I believe last time I’ve checked the free plan had 1,500 minutes of build time free per month. But I’ve checked on my account (and on the pricing page now) and I see 1,000 minutes.
Has it always been 1,000 or has it been reduced recently? Any official announcements on the matter?
Yes, looks like a free tier change has been made, see the pricing page. That’s unfortunate, as GitLab have offered 2,000 minutes/month for some time (and still do). It was indeed 1,500 for many months, at least back to October 2017. I guess it changed in August or September 2018.
I wonder if the cost of supporting an increasing number of free tier users went past the budget that was set for them?
Just wanted to clear things up here. Yes the build minutes allowance did drop. An email was sent out a couple of weeks ago to existing free tier customers about this. The information is also posted in the CircleCI Changelog.

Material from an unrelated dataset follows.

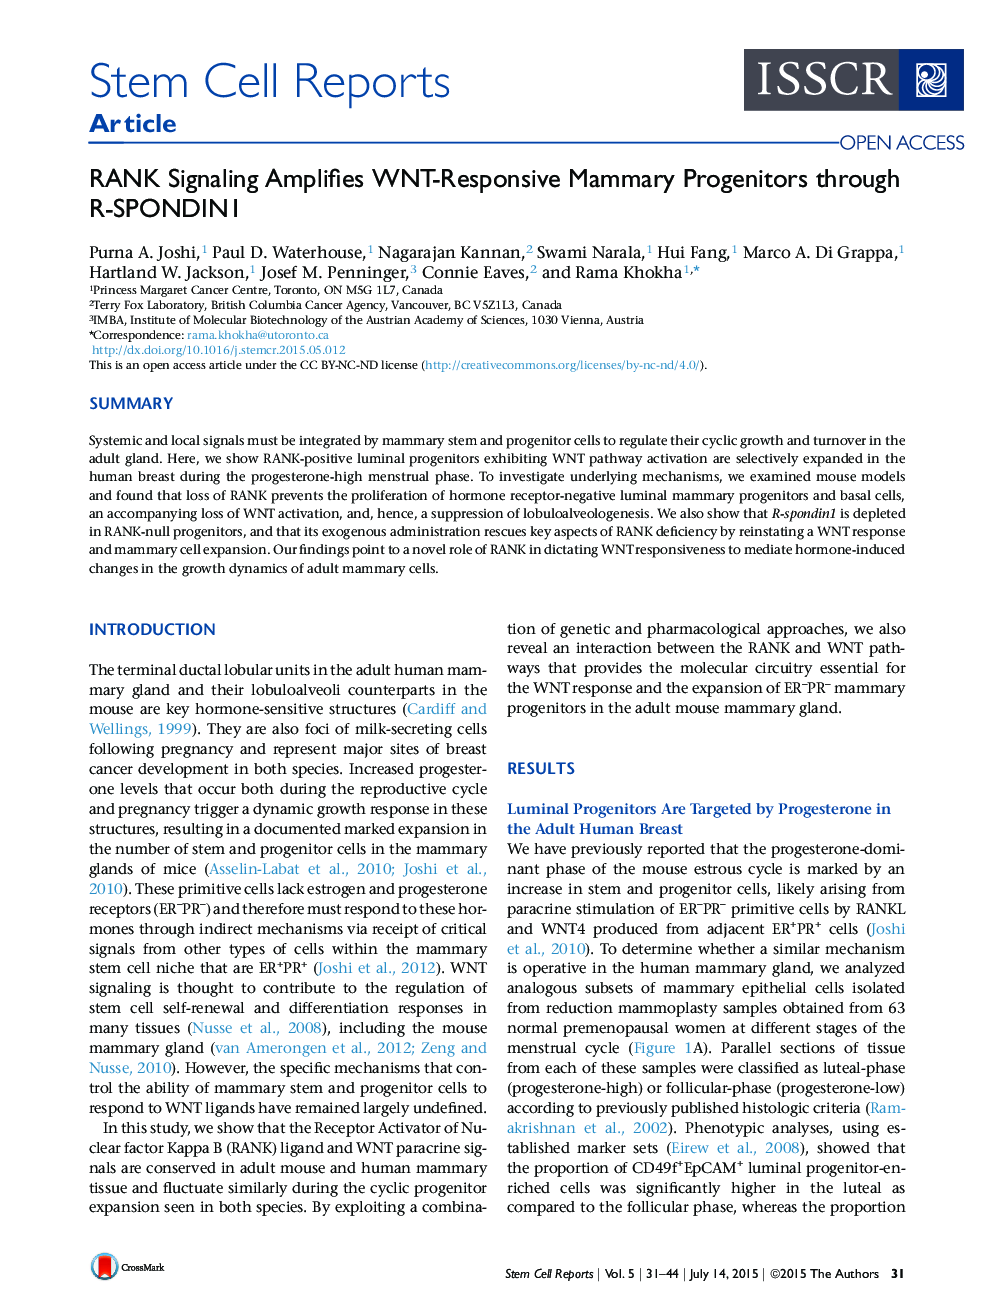 RANK Signaling Amplifies WNT-Responsive Mammary Progenitors through R-SPONDIN1

Open source projects aren’t affected by this change though.
It doesn’t matter too much on my side, but I don’t think I received it. A quick email search reveals I did get:
October 2018 updates from CircleCI
September 2018 updates: CircleCI 2.1 configuration, Xcode 10 image available for macOS jobs, upcoming events, and more!
I’m well within the new tier, so the change isn’t onerous for me, but just for interest: I can’t see that my build times have changed much at all. The change log indicates I should be seeing 33% speed improvements.
I’ve just looked through some history, and my daily PhantomJS + PHP browser tests are stubbornly on 9:30 to 11:00 minutes. If the 33% was across the board I’d be looking at dropping to 6 or 7 minutes.
I wonder if I am using time-based waits too much? I seem to recall I did a lot of DOM testing to wait for element changes, but perhaps there is something I am forgetting
I’m not too sure, I wasn’t part of putting out that email and the underlying message but I believe the build speed improves happened gradually earlier this year as we switched the hardware we were working with. It’s not like on the day the message went out we flipped a switch for the change.
I myself have sleep 10 scattered throughout various CircleCI configs though it’s not necessarily the right way to do it. There’s plenty of posts such as this one where people are trying to figure out the best way to wait for things. It’s something I’m thinking about and hoping to write about soon.
Yeah. I believe my tests are broadly in this form:
while (dom element does not exist && not timeout) {
sleep(1/10th sec)
}
if (dom element exists) {
read status of dom element
} else {
exit with error / fail
}
I might take a look at it to see if there is an area that could be optimised, but perhaps my tests just are not CPU bound.